2010-08-02

Subject: Zona de Chernobyl revela redução de biodiversidade

 

Zona de Chernobyl revela redução de biodiversidade

 

Dificuldades em visualizar este email? Consulte-o online!

The ghost town of Pripyat, built to house workers of the Chernobyl nuclear power plant (Image: AP)

O maior censo da vida selvagem do seu tipo realizado em Chernobyl veio revelar que os mamíferos estão em declínio na zona de exclusão que rodeia a central nuclear. 

O estudo teve como objectivo estabelecer a forma mais fiável de medir o impacto sobre a vida selvagem da contaminação da zona e baseou-se em quase quatro anos de contagens e estudos dos animais aí presentes.

Os cientistas dizem que as aves fornecem a melhor "medida quantitativa" desses impactos, como relatam na última edição da revista Ecological Indicators.

A equipa de investigação refere que os censos que realizaram às espécies da zona, que foram desenvolvidos ao longo de mais de três anos, fornecem mais evidências de que a contaminação teve um "impacto significativo" sobre a biodiversidade.

Timothy Mousseau, da Universidade da Carolina do Sul, e Anders Moller, da Universidade de Paris-Sud, trabalharam juntos no projecto e, de 2006 a 2009, contaram e examinaram todo o tipo de vida selvagem, incluindo insectos, anfíbios, répteis, aves e mamíferos.

Os seus trabalhos anteriormente publicados revelaram alguns dos impactos negativos sobre aves e insectos da radiação de baixo nível que ainda contamina a zona de exclusão que rodeia a central nuclear. Os novos dados sobre mamíferos e répteis mostram o que Moussaeu descreve como um "forte sinal" da redução a biodiversidade também nestes grupos.

A equipa de investigação comparou a abundância das espécies na zona de exclusão com tipos de habitats semelhantes na área, que não chegaram a ser contaminados. "A verdade é que estes efeitos da contaminação com radiação foram tão grandes que chegam a ser avassaladores", diz Mousseau.

Durante a realização dos seus censos, ele e Moller também examinaram os efeitos da contaminação por radiação sobre os animais e referem que estes impactos são particularmente óbvios nas aves.

 

Nos seus estudos com andorinhas, a equipa observou aves com tumores nas patas, pescoços e em volta dos olhos: "Pensamos que elas podem ser mais susceptíveis, após as longas migrações que têm que realizar, a stresses ambientais acrescidos", explica Mousseau.

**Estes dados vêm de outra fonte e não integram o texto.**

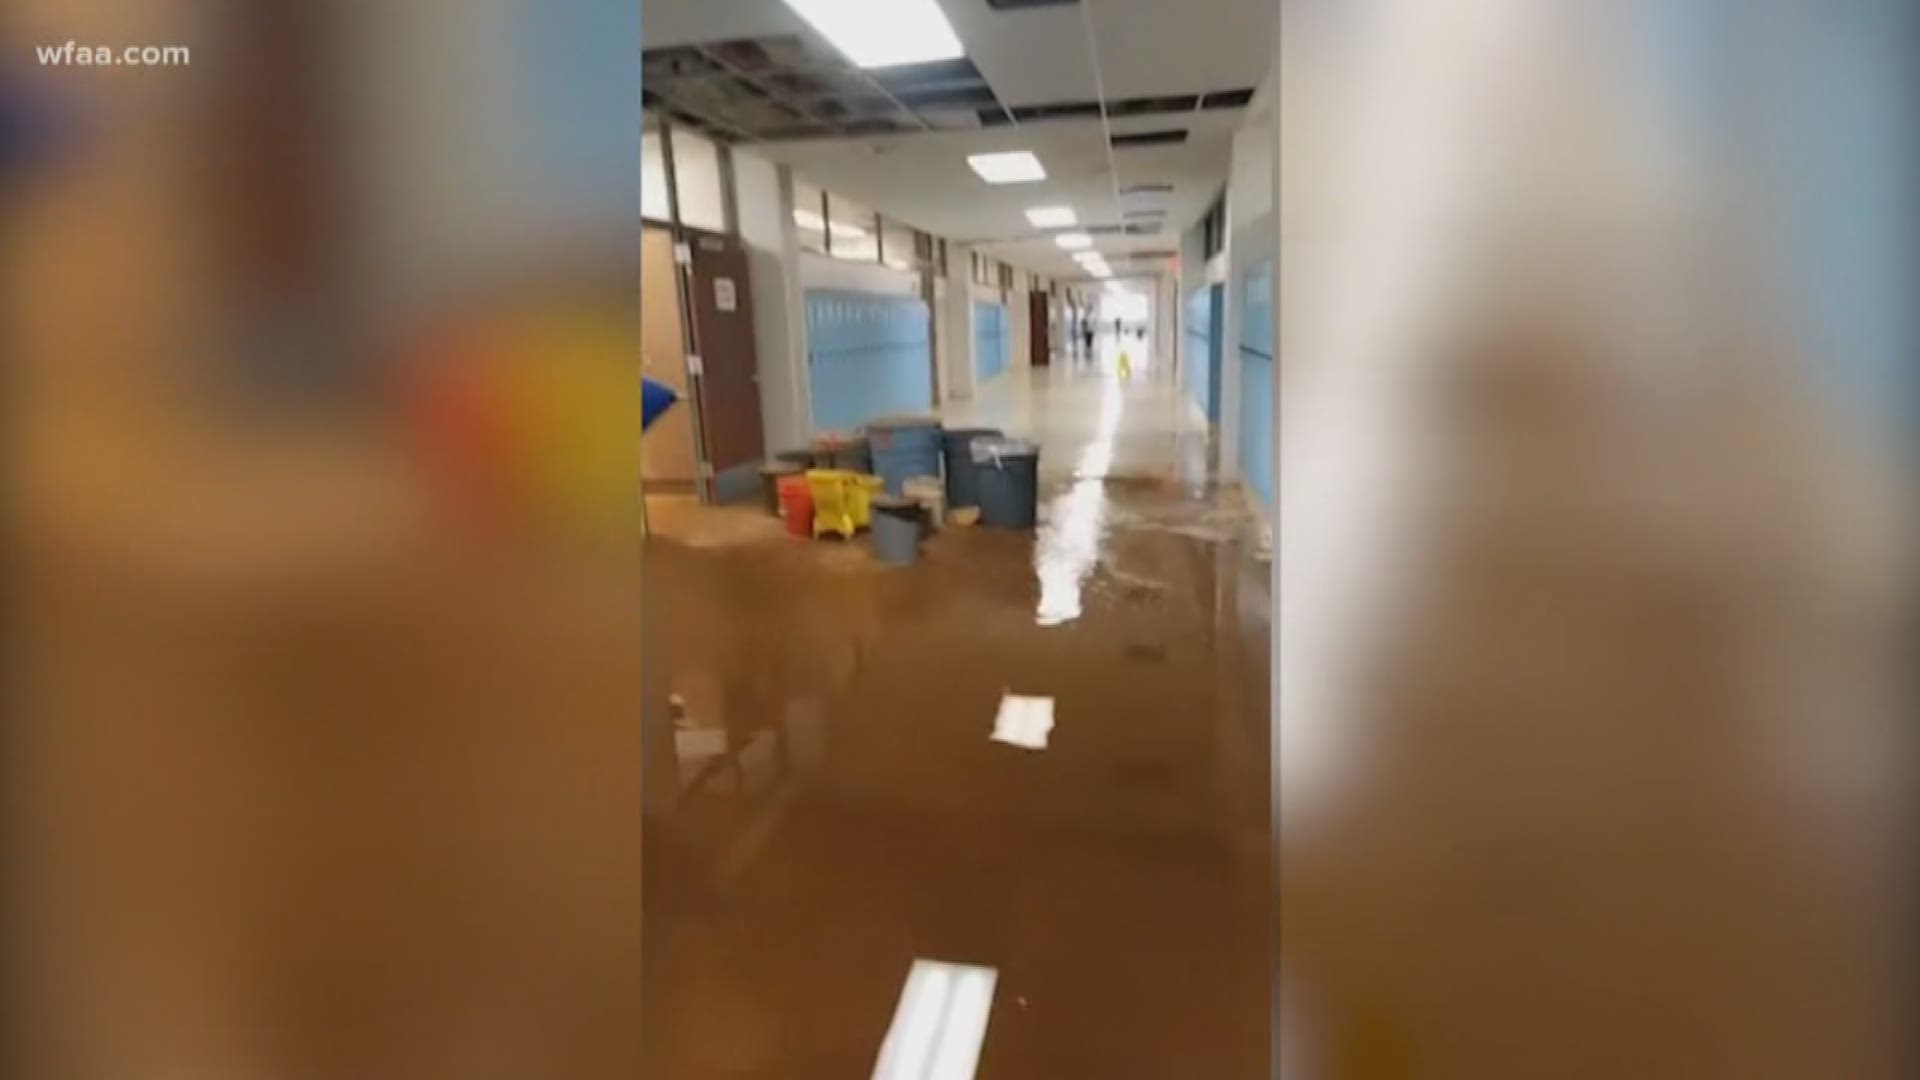 Rain leaks through Dallas school roof

Os cientistas ucranianos já criticaram as conclusões do estudo. Sergii Gashchak, investigador do Centro Chornobyl, não se mostrou disponível para comentar este novo artigo mas no ano passado tinha desdenhado as descobertas anteriores da equipa sobre insectos e aves. Segundo ele, tinha chegado a "conclusões opostas". 

"A vida selvagem realmente está florescente na zona de Chernobyl, devido ao baixo nível de influência [humana]", disse na altura Gashchak. "Todas as formas de vida surgiram e se desenvolveram sob a influência da radiação, logo mecanismos de resistência e recuperação evoluíram para a sobrevivência nessas condições."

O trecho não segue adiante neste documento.